Пражские друзья моего поэтического творчества, весьма заинтересованные вопросами русско-чешского сближения и ценящие мои переводы из чешских поэтов, а в частности из Врхлицкого, прислали мне вырезку из журнала «Славия», статью преобширную профессора Евгения Ляцкого* «О переводах вообще и русском переводе стихов Я. Врхлицкого в частности».
Обвинения бывают справедливые и несправедливые. Несправедливо обвинение, когда обвиняющий возводит свой личный вкус и свое личное мнение в степень безусловного закона, не доказывая, что его личное есть безусловно общее. Но, если при этом обвиняющий чистосердечен, это еще малая беда. Однако обвинения бывают также добросовестные и недобросовестные, умышленно злостные. Недобросовестно обвинение, когда обвиняющий опирается в своей доказательности на явно неверные примеры и подтасовываемые данные. Пусть же судит читатель, как надо определить обвинения, взводимые г. Ляцким. Он судит меня за вольные, слишком вольные, поэтические передачи стихов иноземных поэтов, он указывает целый ряд уклонений от текстов, считая их то ошибками, то умышленными искажениями. Как пример хороших переводчиков он противопоставляет мне разных поэтов, начиная с Лермонтова. Почему забыл он начать с общепризнанного лучшего русского поэта-переводчика и поэта создателя перепевов Жуковского? Да просто потому, что это убийственный аргумент против его аргументации. Он умышленно забыл его, ибо Жуковский как раз обращался весьма часто с подлинниками совершенно свободно, и Жуковский — довод в мою пользу, а не мне во вред. Но возьмем пример, приводимый им из Лермонтова. Он приводит по-немецки знаменитое стихотворение Гейне «Сосна», приводит русскую его передачу Лермонтова и восклицает: «какое величайшее слияние… Лермонтов оказался конгениальным Гейне». Пусть же читатель вспомнит и слова Гейне и слова Лермонтова.

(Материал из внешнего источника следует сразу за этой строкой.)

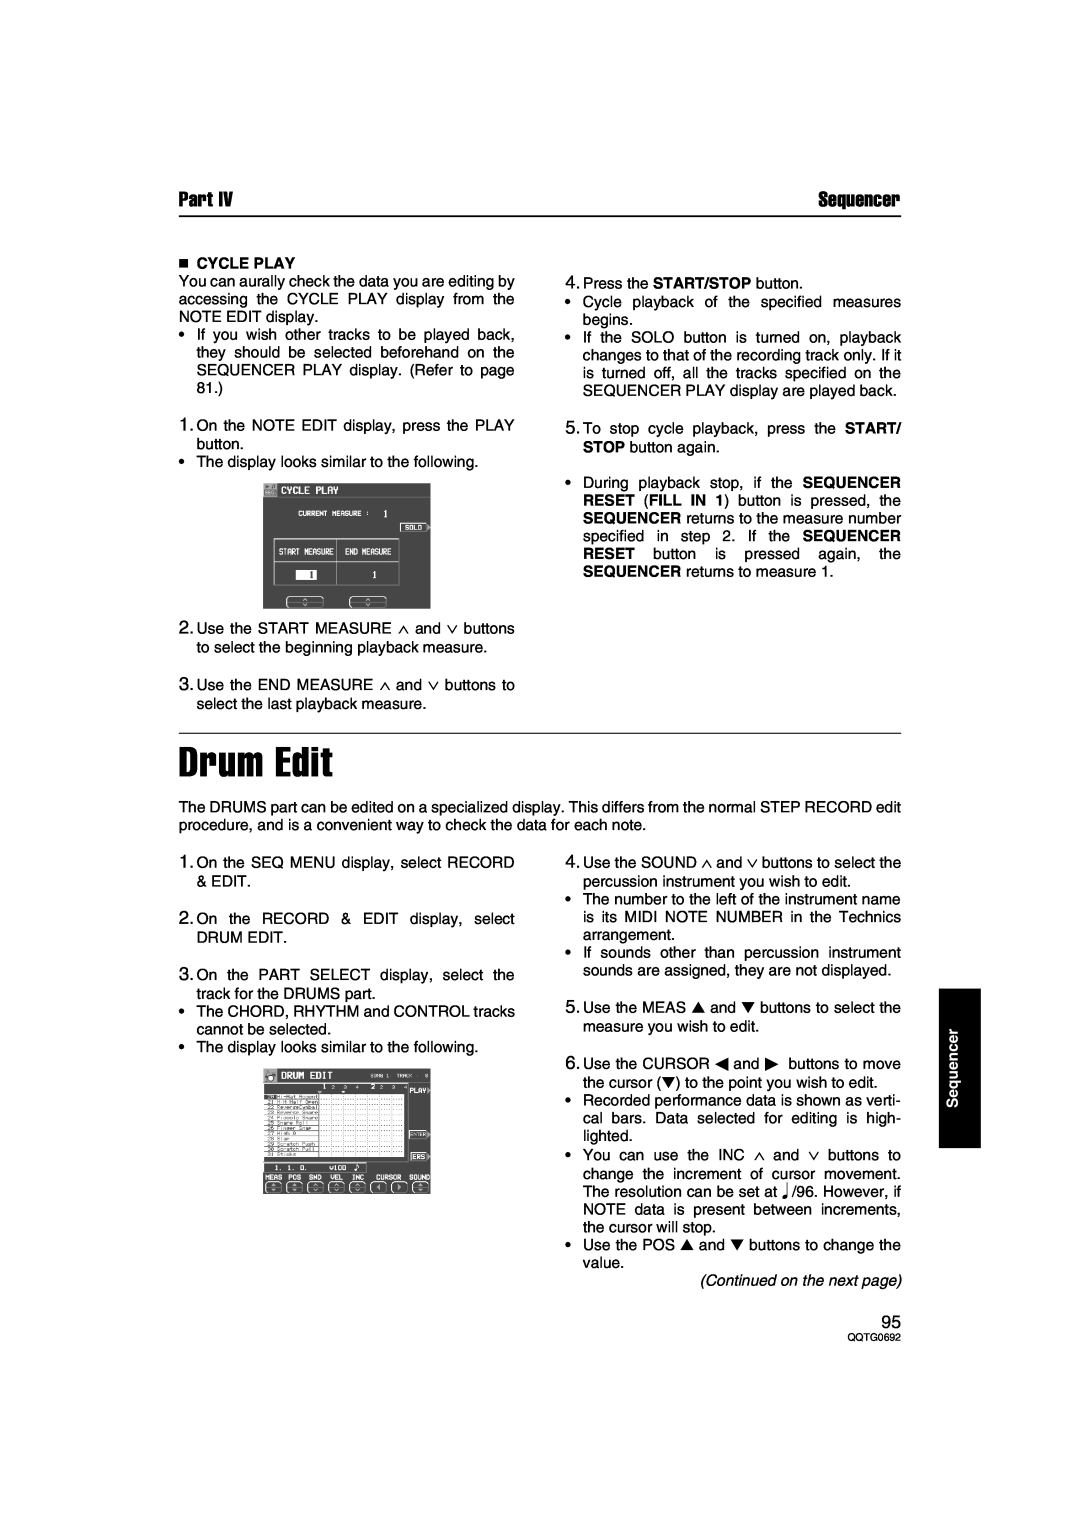 Panasonic SX-KN2400, SX-KN2600 manual Drum Edit,  Cycle Play, Part, Sequencer, Continued on the next page

Я подчеркиваю те слова Лермонтова, которых в подлиннике нет. Но именно они-то и составляют всю красоту перепева Лермонтова. Если бы г. Ляцкий был последователен, он должен был бы сказать: «Неверная передача, искажение, разжижение, никуда не годный перевод». Он же восхваляет его аргументативно, но аргументация фальсифицирована. Лермонтов совершенно не конгениален с Гейне, и его перевод вольный. Но там, где Гейне говорит детски-простыми, неукрашенными, а лишь беглым рисунком означающими словами, где он говорит почти прозой, где он создает простодушную серенькую, сумеречную песенку, Лермонтов с своим могучим даром ухватывать, как барс, и вещать, как пророк Востока, создал из детской игрушки Гейне дамасский клинок. Как перевод — это и так и сяк. Как создание — это недосягаемая высота. Но ведь речь идет о переводах вообще. Итак? Почему бы, речь заведя о Лермонтове, не привести другой уничтожительный для меня пример магистерского переводческого дара Лермонтова? Как известно, он «перевел» также еще более знаменитые строки Гёте «Горные вершины». И там, где у Гёте на всех вершинах тишина, на всех высотах покой, у Лермонтова горные вершины спят во тьме ночной, то есть, вместо глубокой философской мысли, само собою разумеющаяся, нимало не выразительная описательность. И там, где у Гёте на лесных вершинах едва уловишь хоть одно дуновение, и птички заснули в лесу, у Лермонтова не пылит дорога, о которой Гёте не упоминает, и не дрожат листы. Слабо, слабо, как перевод совсем слабо, г. Ляцкий. Но так хороши «Горные вершины» Лермонтова в то же время, что, будучи русским и будучи безмерным также почитателем Гёте, я иногда считаю, что текст Гёте лучше, иногда предпочитаю текст Лермонтова.